S390: Fix utf32 to utf16 handling of low surrogates (disable cu42).

According to the latest Unicode standard, a conversion from/to UTF-xx has
to report an error if the character value is in range of an utf16 surrogate
(0xd800..0xdfff). See https://sourceware.org/ml/libc-help/2015-12/msg00015.html.

Thus the cu42 instruction, which converts from utf32 to utf16, has to be
disabled because it does not report an error in case of a value in range of
a low surrogate (0xdc00..0xdfff). The etf3eh variant is removed and the c,
vector variant is adjusted to handle the value in range of an utf16 low
surrogate correctly.

ChangeLog:

 * sysdeps/s390/utf16-utf32-z9.c: Disable cu42 instruction and report
 an error in case of a value in range of an utf16 low surrogate.

52f8a48... by Stefan Liebler <email address hidden>

S390: Fix utf32 to utf8 handling of low surrogates (disable cu41).

According to the latest Unicode standard, a conversion from/to UTF-xx has
to report an error if the character value is in range of an utf16 surrogate
(0xd800..0xdfff). See https://sourceware.org/ml/libc-help/2015-12/msg00015.html.

Thus the cu41 instruction, which converts from utf32 to utf8, has to be
disabled because it does not report an error in case of a value in range of
a low surrogate (0xdc00..0xdfff). The etf3eh variant is removed and the c,
vector variant is adjusted to handle the value in range of an utf16 low
surrogate correctly.

ChangeLog:

 * sysdeps/s390/utf8-utf32-z9.c: Disable cu41 instruction and report
 an error in case of a value in range of an utf16 low surrogate.

ee518b7... by Stefan Liebler <email address hidden>

S390: Use s390-64 specific ionv-modules on s390-32, too.

This patch reworks the existing s390 64bit specific iconv modules in order
to use them on s390 31bit, too.

Thus the parts for subdirectory iconvdata in sysdeps/s390/s390-64/Makefile
were moved to sysdeps/s390/Makefile so that they apply on 31bit, too.
All those modules are moved from sysdeps/s390/s390-64 directory to sysdeps/s390.

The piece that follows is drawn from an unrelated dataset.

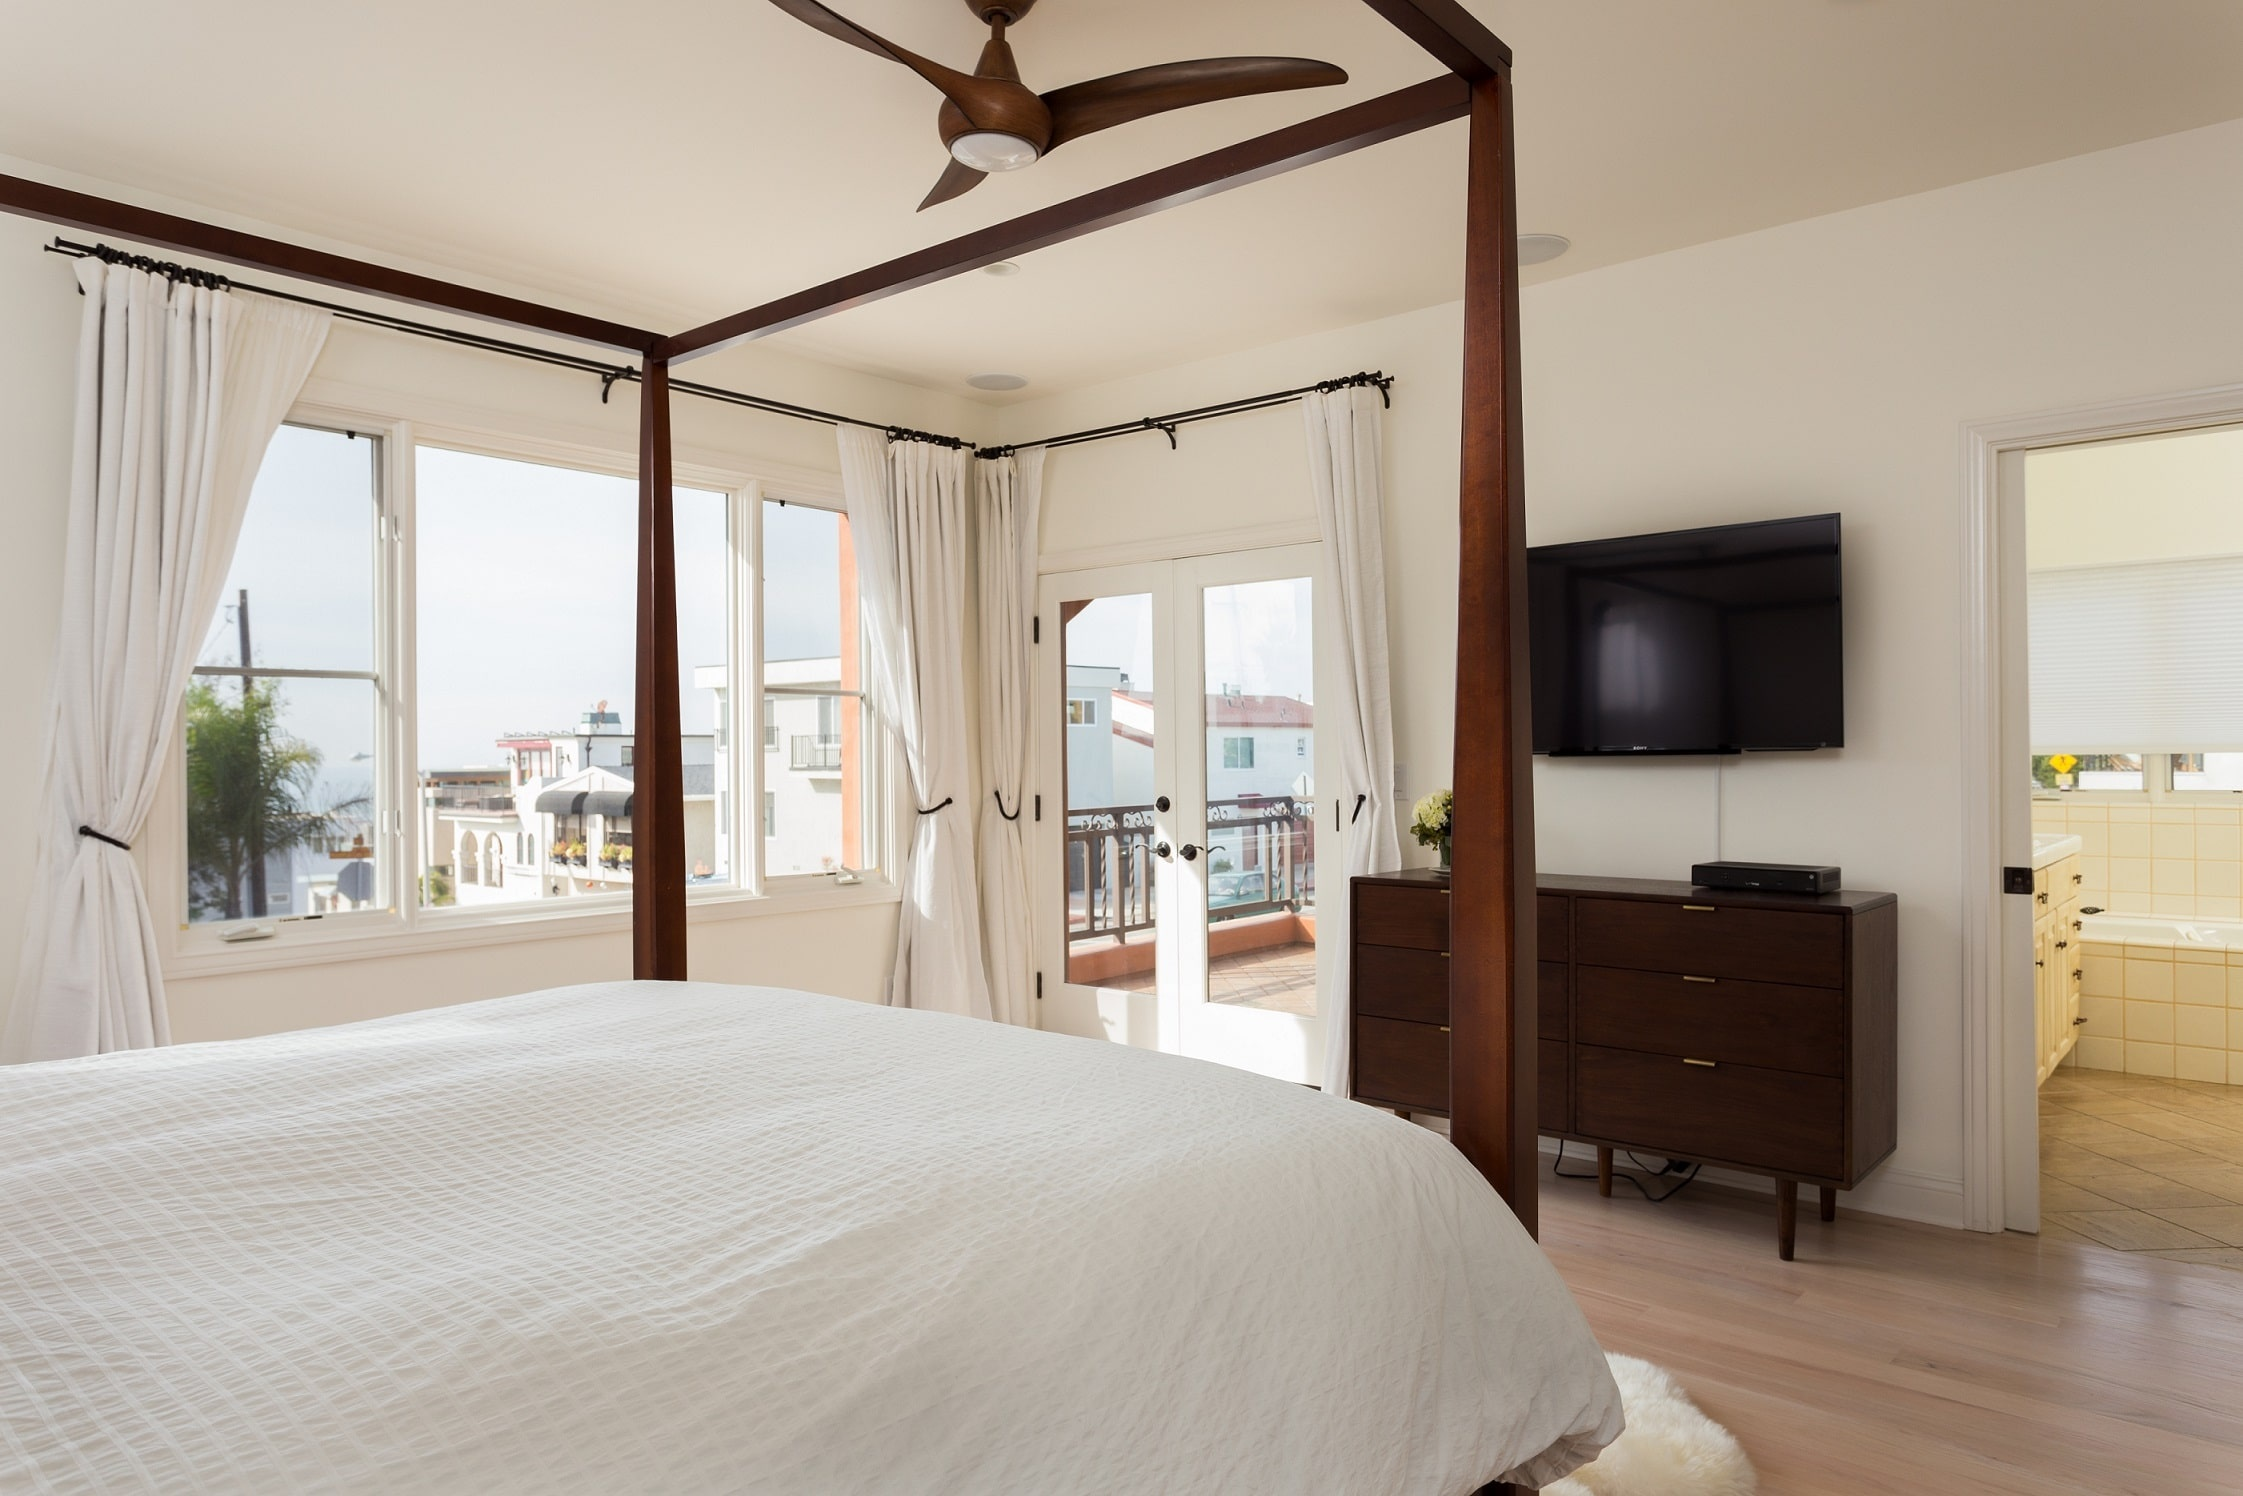 MB Executive Home Bedroom 2

The iso-8859-1 to/from cp037 module was adjusted, to use brct (branch relative
on count) instruction on 31bit s390 instead of brctg, because the brctg is a
zarch instruction and is not available on a 31bit kernel.

The utf modules are using zarch instructions, thus the directive machinemode
zarch_nohighgprs was added to the inline assemblies to omit the high-gprs flag
in the shared libraries. Otherwise they can't be loaded on a 31bit kernel.
The ifunc resolvers were adjusted in order to call the etf3eh or vector variants
only if zarch instructions are available (64bit kernel in 31bit compat-mode).
Furthermore some variable types were changed. E.g. unsigned long long would be
a register pair on s390 31bit, but we want only one single register.
For variables of type size_t the register contents have to be enlarged from a
32bit to a 64bit value on 31bit, because the inline assemblies uses 64bit values
in such cases.

ChangeLog:

 * sysdeps/s390/s390-64/Makefile (iconvdata-subdirectory):
 Move to ...
 * sysdeps/s390/Makefile: ... here.
 * sysdeps/s390/s390-64/iso-8859-1_cp037_z900.c: Move to ...
 * sysdeps/s390/iso-8859-1_cp037_z900.c: ... here.
 (BRANCH_ON_COUNT): New define.
 (TR_LOOP): Use BRANCH_ON_COUNT instead of brctg.
 * sysdeps/s390/s390-64/utf16-utf32-z9.c: Move to ...
 * sysdeps/s390/utf16-utf32-z9.c: ... here and adjust to
 run on s390-32, too.
 * sysdeps/s390/s390-64/utf8-utf16-z9.c: Move to ...
 * sysdeps/s390/utf8-utf16-z9.c: ... here and adjust to
 run on s390-32, too.
 * sysdeps/s390/s390-64/utf8-utf32-z9.c: Move to ...
 * sysdeps/s390/utf8-utf32-z9.c: ... here and adjust to
 run on s390-32, too.

6896776... by Stefan Liebler <email address hidden>

S390: Optimize utf16-utf32 module.

This patch reworks the s390 specific module to convert between utf16 and utf32.
Now ifunc is used to choose either the c or etf3eh (with convert utf
instruction) variants at runtime.
Furthermore a new vector variant for z13 is introduced which will be build
and chosen if vector support is available at build / runtime.

In case of converting utf 32 to utf16, the vector variant optimizes input of
2byte utf16 characters. The convert utf instruction is used if an utf16
surrogate is found.

For the other direction utf16 to utf32, the cu24 instruction can't be re-
enabled, because it does not report an error, if the input-stream consists of
a single low surrogate utf16 char (e.g. 0xdc00). This applies to the newest z13,
too. Thus there is only the c or the new vector variant, which can handle utf16
surrogate characters.

This patch also fixes some whitespace errors. Furthermore, the etf3eh variant is
handling the "UTF-xx//IGNORE" case now. Before they ignored the ignore-case and
always stopped at an error.

ChangeLog:

 * sysdeps/s390/s390-64/utf16-utf32-z9.c: Use ifunc to select c,
 etf3eh or new vector loop-variant.